_Your objective_
Each line of the data below between the one containing "22 июня в Алматы" and the one containing "BEAMS F BEAMS", both included, is to be repeated exactly. Please omit pictures.

_Excerpted records_
"""
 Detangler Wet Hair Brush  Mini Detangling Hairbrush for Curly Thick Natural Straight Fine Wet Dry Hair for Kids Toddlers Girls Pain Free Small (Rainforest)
"""
"""
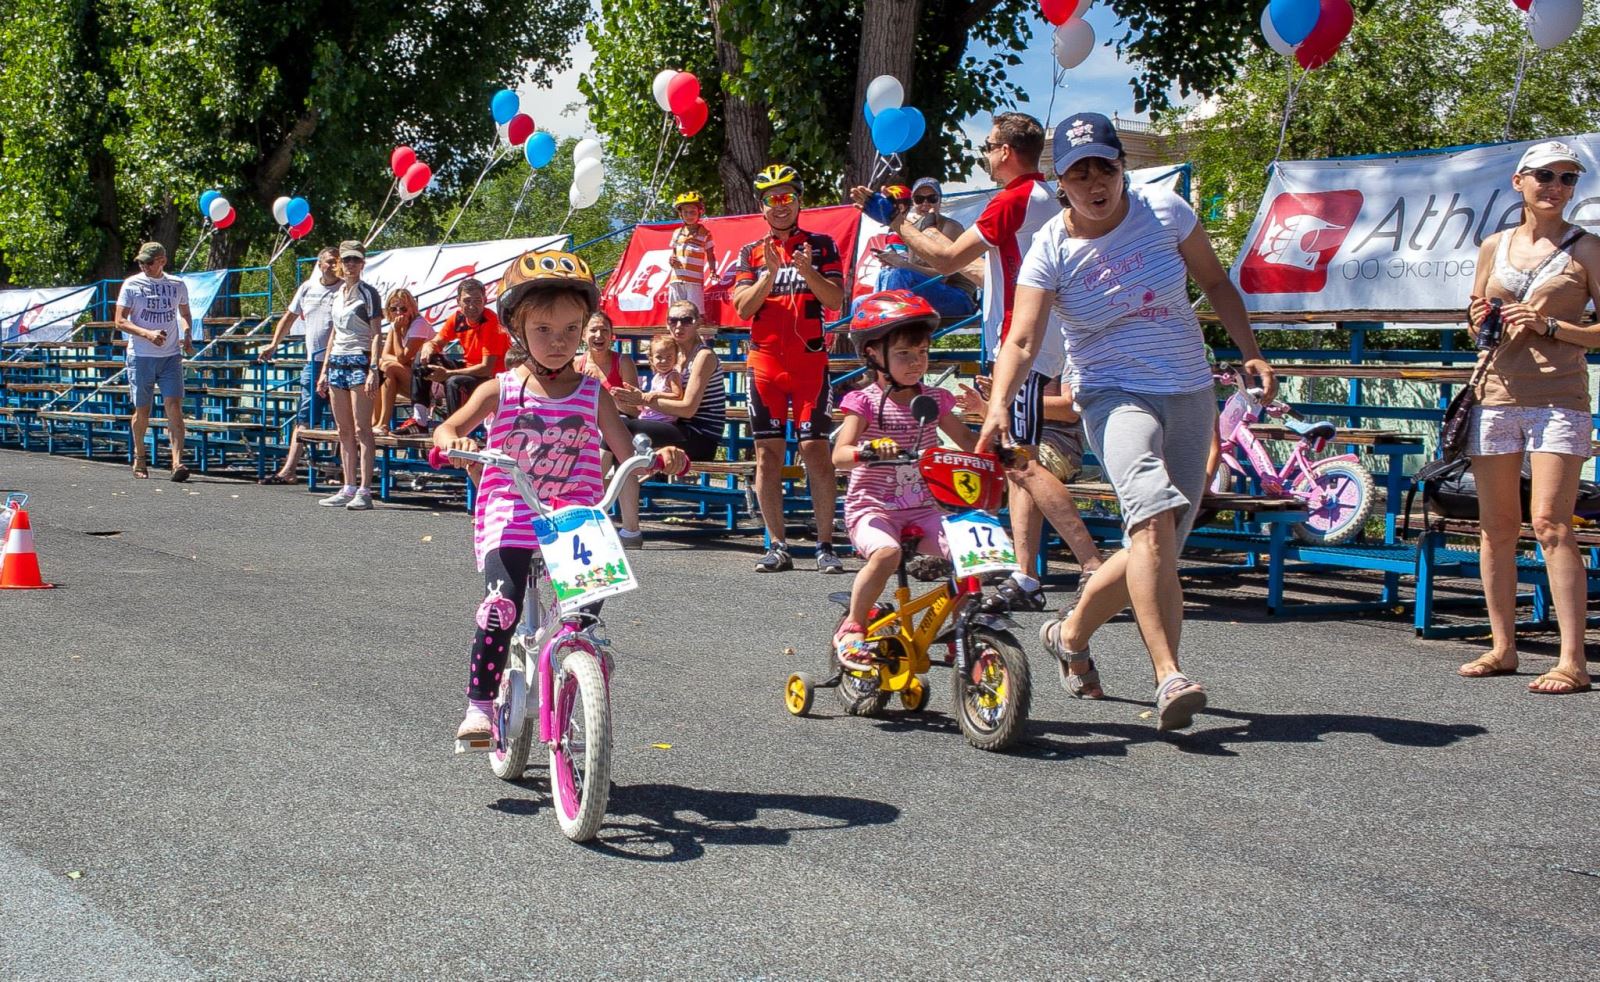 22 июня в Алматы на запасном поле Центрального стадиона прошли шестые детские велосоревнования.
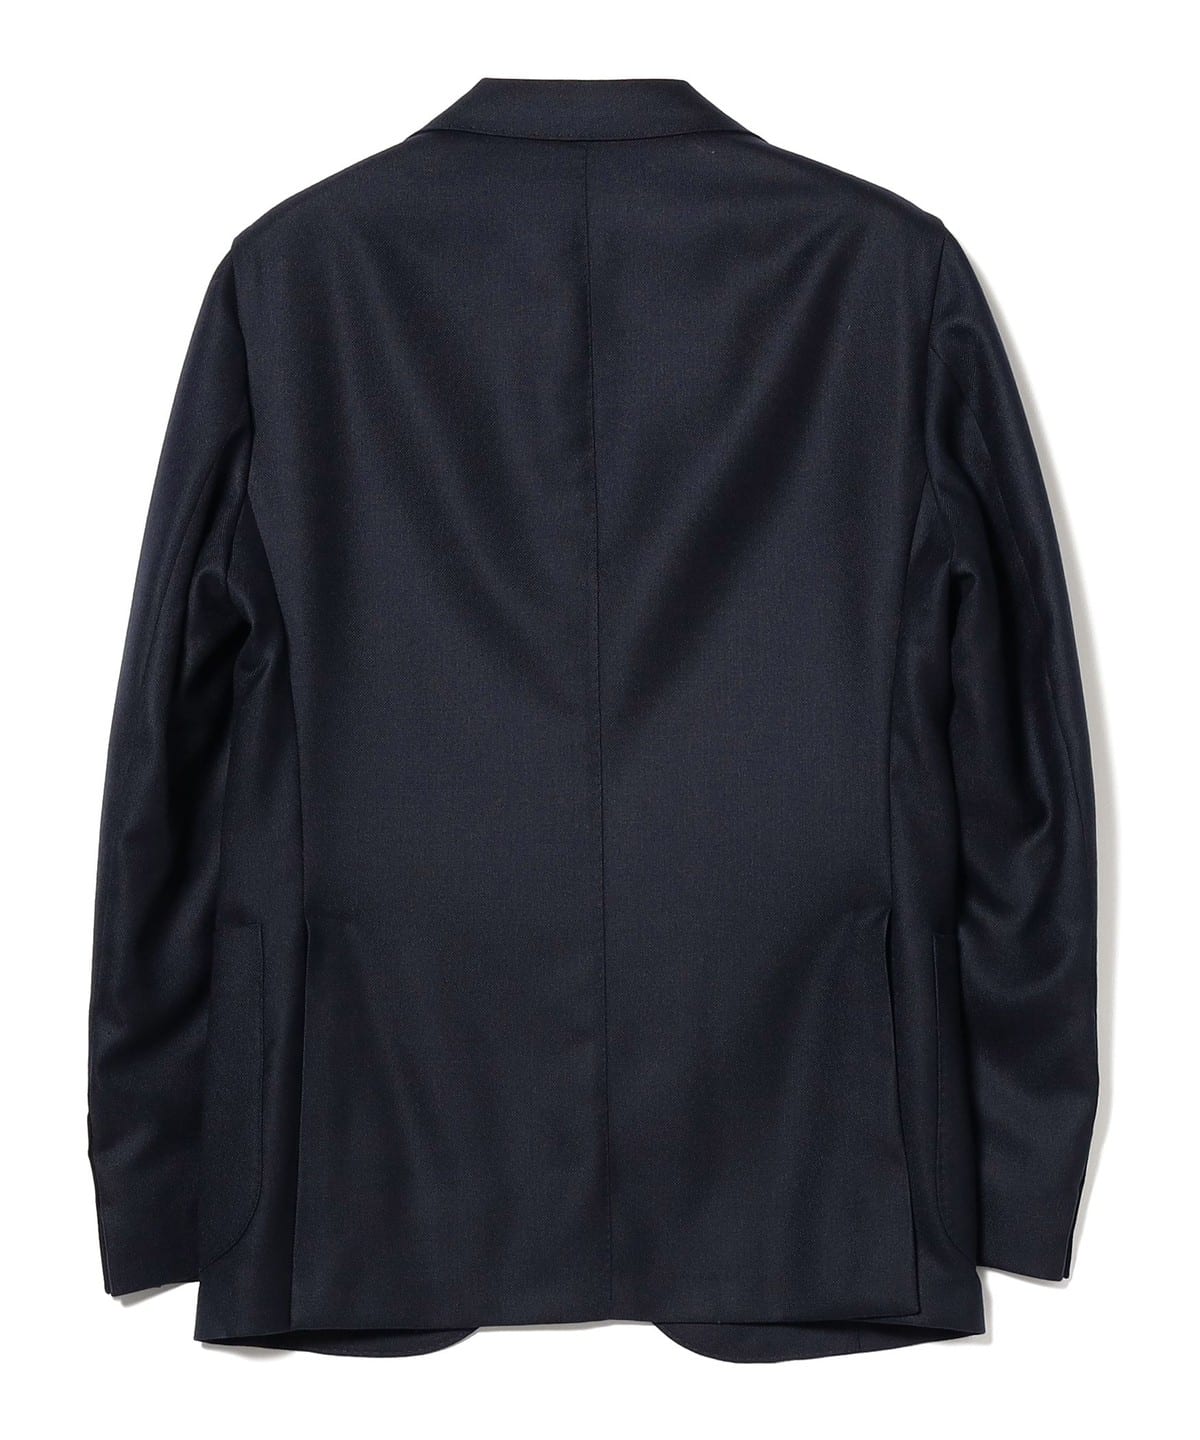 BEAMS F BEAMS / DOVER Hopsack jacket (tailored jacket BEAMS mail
"""
_Exercise answer_
 22 июня в Алматы на запасном поле Центрального стадиона прошли шестые детские велосоревнования.
 BEAMS F BEAMS / DOVER Hopsack jacket (tailored jacket BEAMS mail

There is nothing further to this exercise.